Scoring Methodology
Every score on AgentRank is computed from eight verifiable GitHub signals. No black boxes. No pay-to-play. Updated nightly.
Why a score?
GitHub search sorted by stars shows you the most popular tools — not the most trustworthy ones. A tool with 10,000 stars and its last commit in 2023 is not a better choice than one with 500 stars that shipped yesterday. AgentRank separates popularity from health.
The score is a single number — 0 to 100 — that answers the question an agent or developer actually cares about: is this tool actively maintained and likely to work?
The Eight Signals
Each signal is normalized to a 0–1 value, then weighted and summed to produce the final 0–100 score. When a signal has no data (e.g., no registry package to measure downloads), its weight is redistributed proportionally across the remaining signals.
How recently was the repository updated?
Freshness is the #1 predictor of reliability. Stale repos accumulate unpatched bugs and bitrotting dependencies. The MCP protocol itself is evolving fast — a tool that hasn't been touched in six months may not work with current clients.
Does the maintainer respond to bug reports?
A high closed-to-total ratio means the maintainer actively triages reports. A repo with 200 open issues and 10 closed is a red flag — problems are piling up, not getting resolved.
How many other repos depend on this one?
When other real projects import your package, that's real-world validation. It's hard to fake and hard to buy. High dependent counts are the strongest signal that a tool actually works in production.
Weekly installs from npm or PyPI.
Download counts reflect actual usage, not just curiosity. A tool being installed 50,000 times a week is being used in real workflows.
Raw GitHub star count.
Stars are the weakest signal — easy to inflate, often reflecting hype rather than utility. We include them because broad recognition does correlate weakly with quality, but we deliberately weight them lowest among the popularity signals. A tool shouldn't rank #1 just because it went viral on Twitter.
How many distinct contributors has the repo had?
A single-contributor repo has single-maintainer risk. If that person disappears, the project dies. Two or more contributors means bus-factor risk is reduced.
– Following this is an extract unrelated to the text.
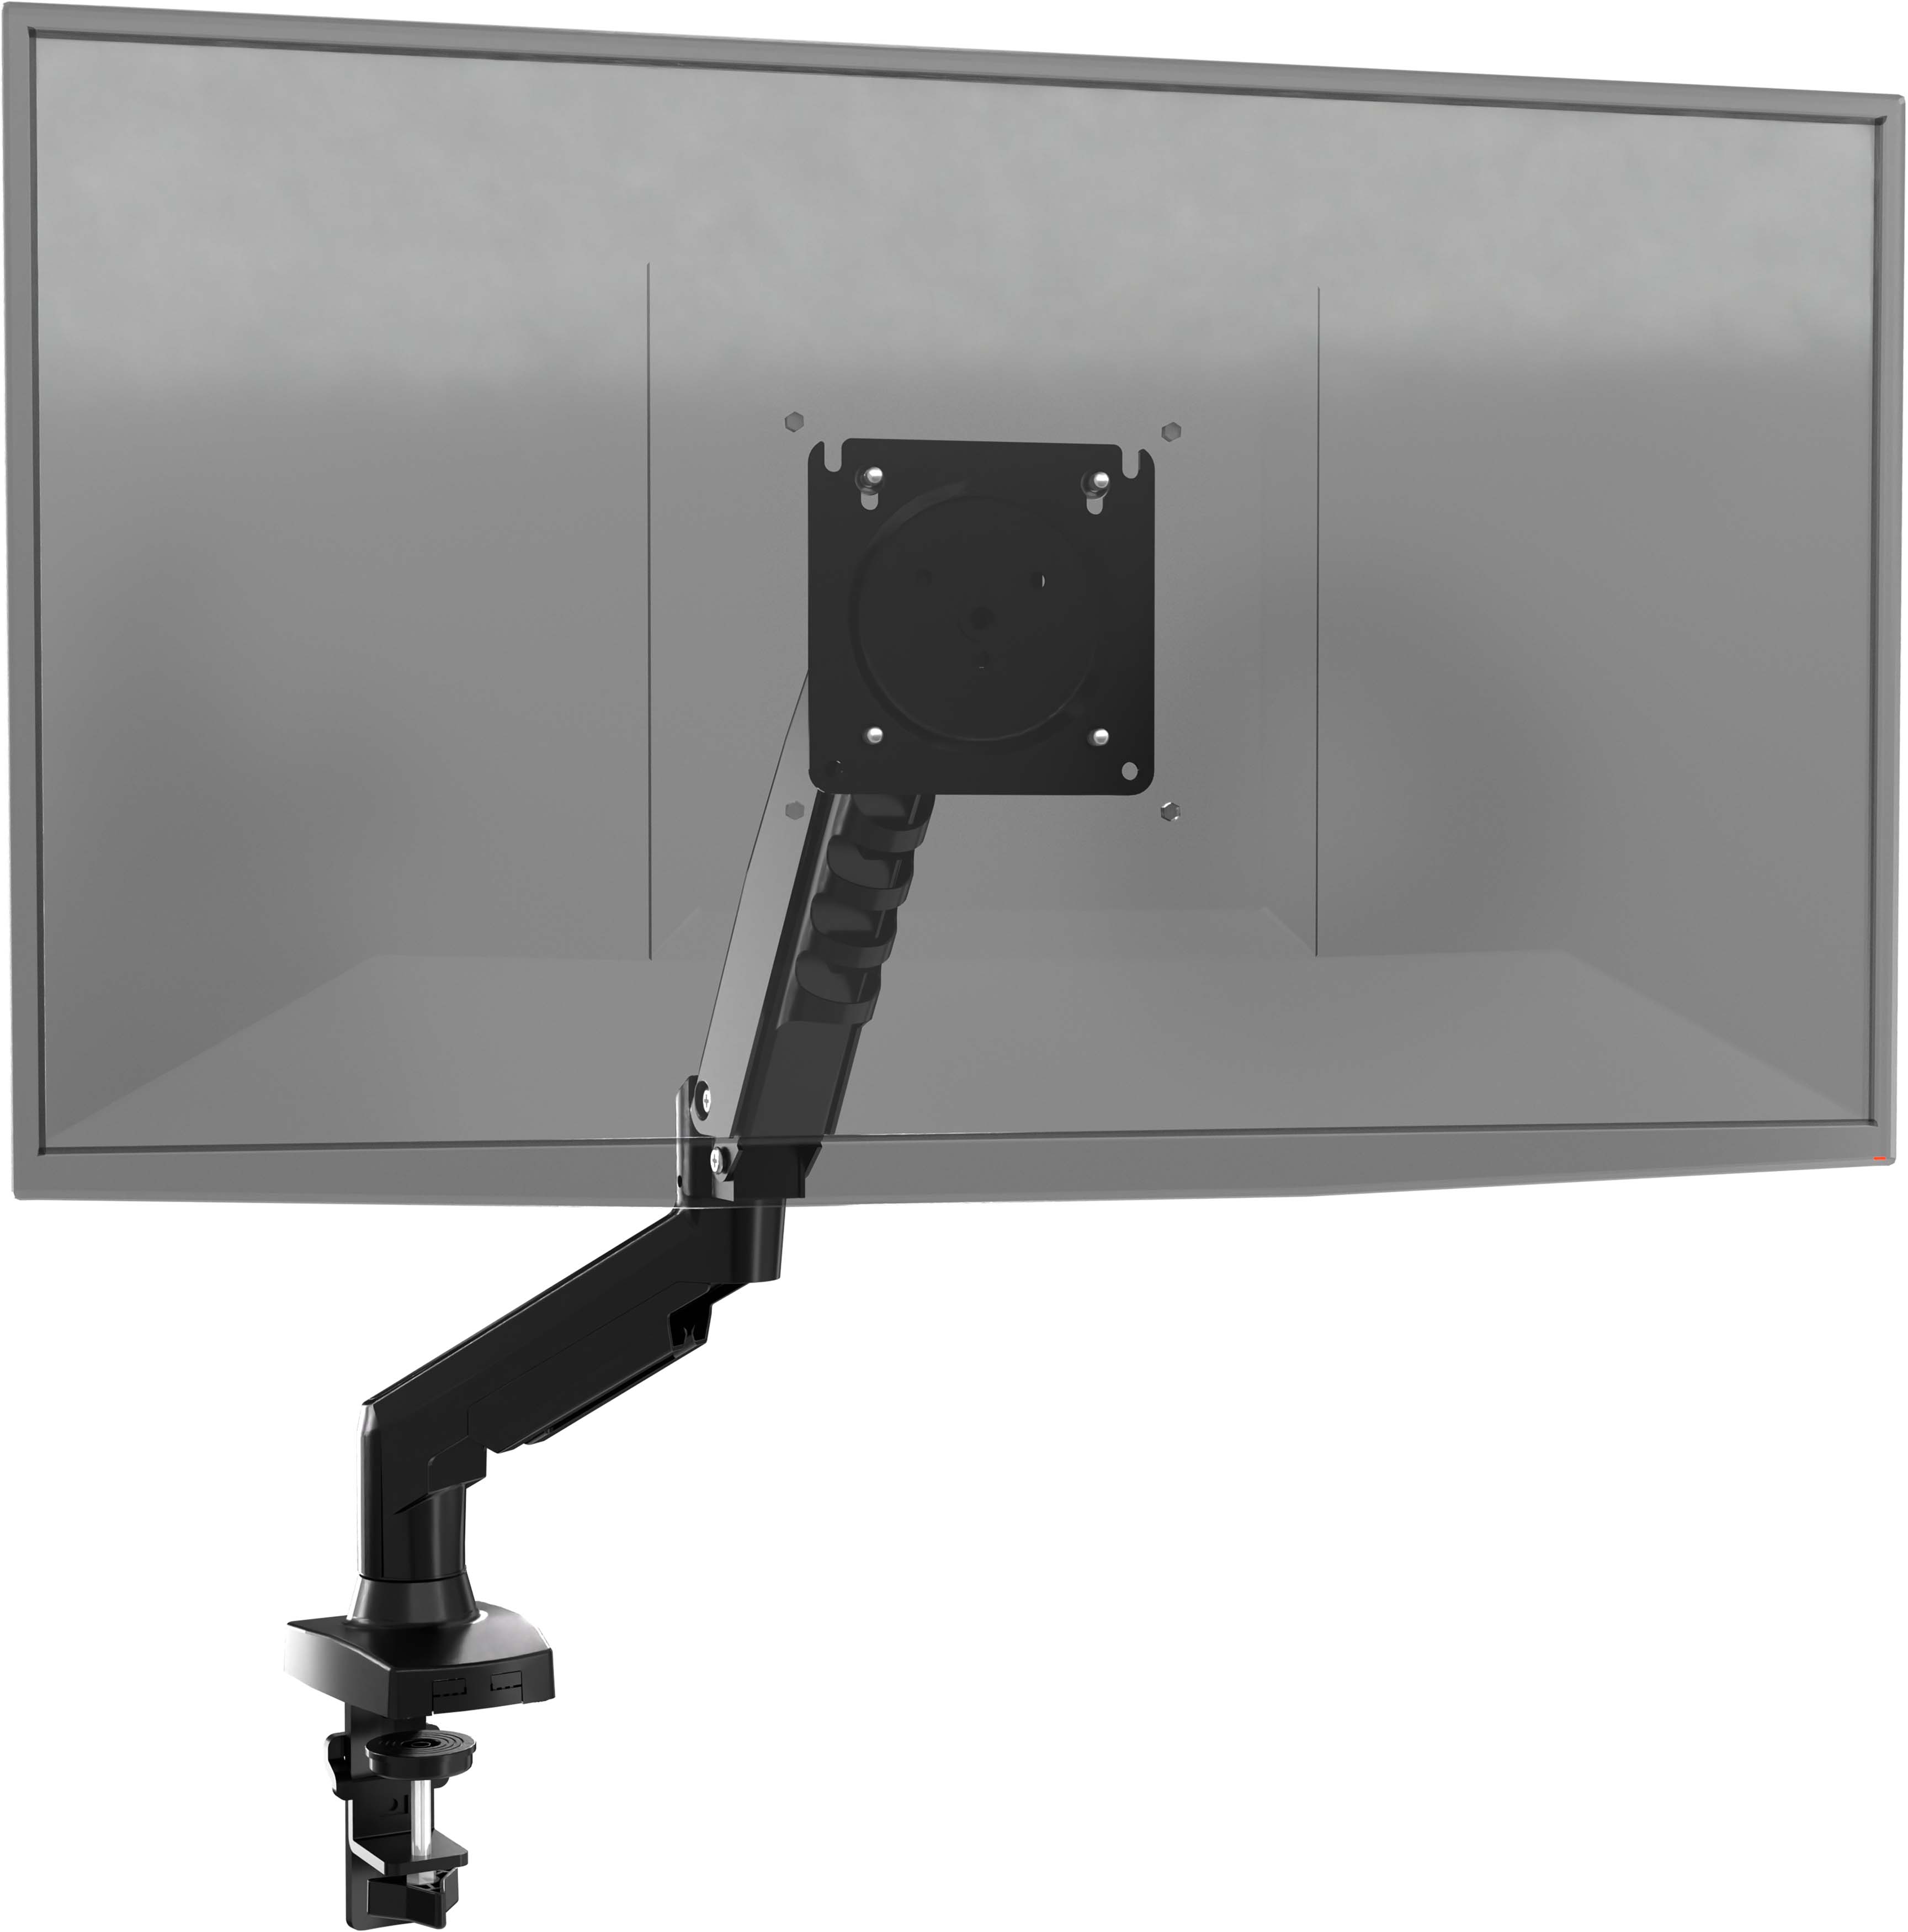 Gasfeder-Monitorarm für Tisch (für 17-30 Zoll Bildschirm bis 9kg)

We cap the benefit at 20 — beyond that, additional contributors don't meaningfully increase reliability for a tool of this type.
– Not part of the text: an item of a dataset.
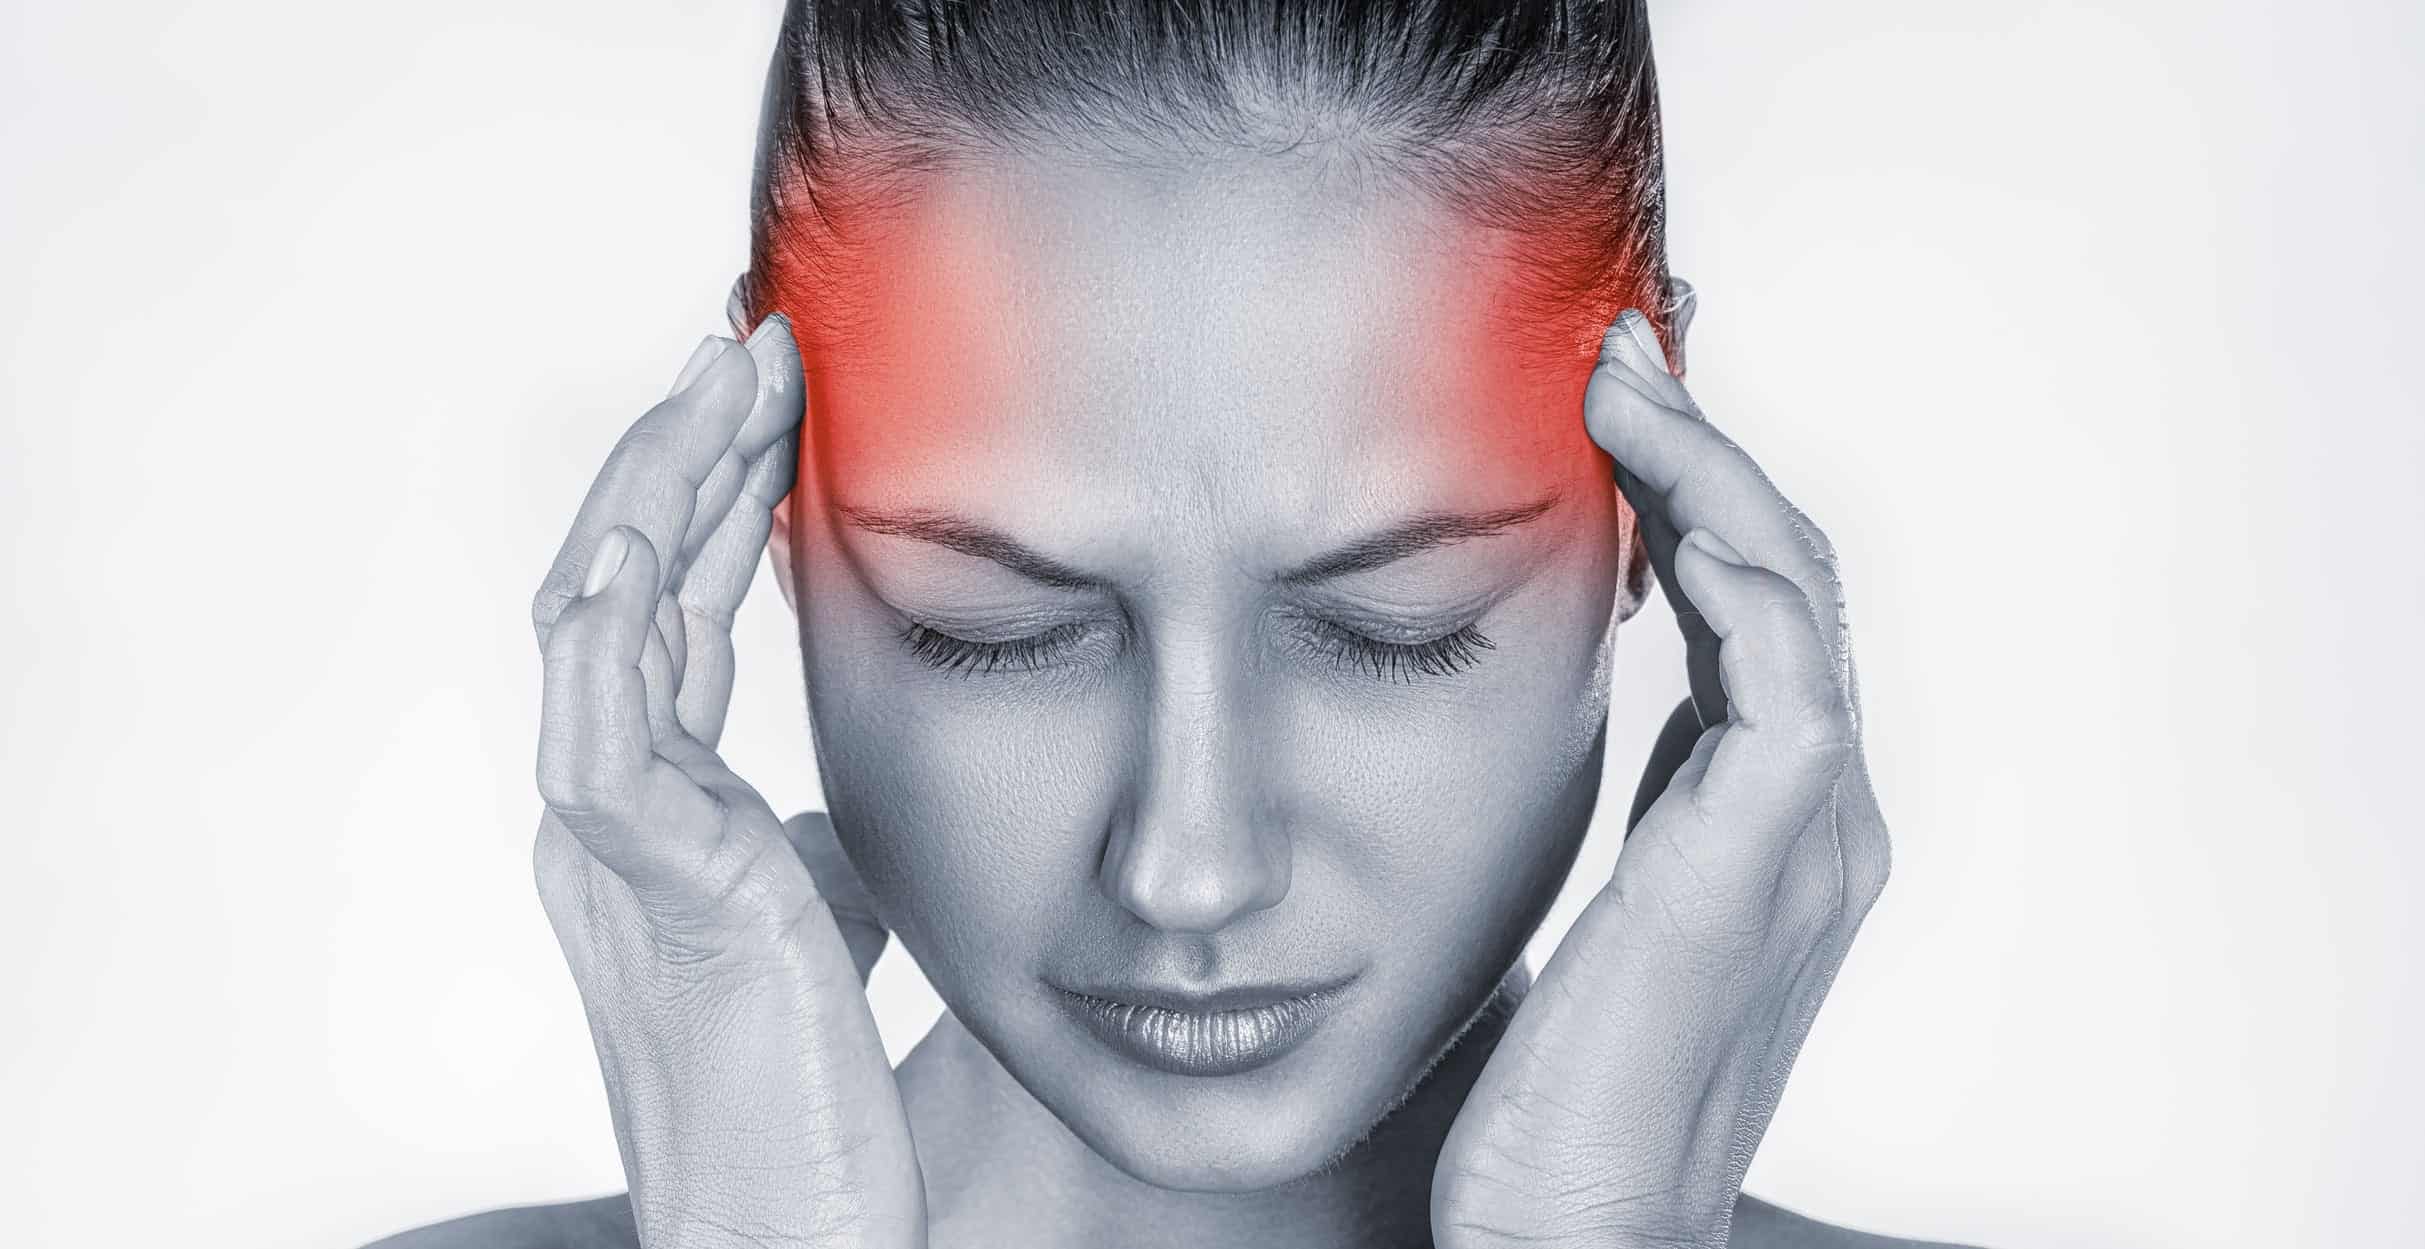 Migrena - czym jest i jak z nią walczyć?

Does the repo have a meaningful description?
A maintainer who can't write three sentences about what their tool does is either in stealth mode or not thinking about users. It's a weak proxy for maintainer investment, but it's measurable and consistent.
Is the tool usable by others?
Permissive licenses maximize the likelihood that the tool can be integrated into any project without legal friction.
The Formula
Base weights (when all signals have data):
When Dependents or Downloads data isn't available for a tool, those weights are redistributed proportionally across the remaining signals. A missing signal is not a penalty — it's just fewer data points.
Live Examples
Here's how the scoring works in practice, using real tools from the index as of March 2026.
Scores high on every health signal. The 97% issue resolution rate is exceptional — most tools sit at 40–60%.
The dependents signal is the key driver here. Nearly 3,000 other repos build on top of mcp-go — real adoption by real developers.
The most widely adopted Python MCP framework. 7,718 dependents across the ecosystem is a strong signal that this has become infrastructure.
301 stars but a score of 39. This is exactly what AgentRank is designed to surface: a project that got initial traction but shows no signs of ongoing maintenance. Stars don't tell you this. The scores do.
Update Frequency
The crawler runs nightly. Every morning, all 25,000+ tools are re-scored from fresh GitHub data. Score and rank changes from the previous day are tracked and surfaced in the Movers feed.
Scores reflect reality as of the previous night's crawl. A tool that ships a critical fix today will see its scores improve within 24 hours.
How AgentRank differs from alternatives
| Source | Approach | What's missing |
|---|---|---|
| GitHub search (stars) | Sort by raw star count | No health signals. Stale viral repos rank above active maintained ones. |
| MCPMarket | Engagement-based ranking (clicks, installs) | No composite score. New tools with no traffic are invisible regardless of quality. |
| PulseMCP | Popularity-only (GitHub stars + social) | No maintenance signals. No issue health. Popularity ≠ reliability. |
| Glama | Security scans per tool | No public composite score. Security-only lens misses freshness, adoption, maintainer responsiveness. |
| Awesome-MCP-Servers | Curated flat list | No scoring. Human-curated means latency. New tools take weeks to appear. |
| AgentRank | 8-signal composite score, updated nightly | No competitors publish a transparent 0-100 composite score. This is the differentiator. |
Open source
The scoring engine is open source. You can read the exact implementation, propose weight changes, or run your own scoring pass against the dataset.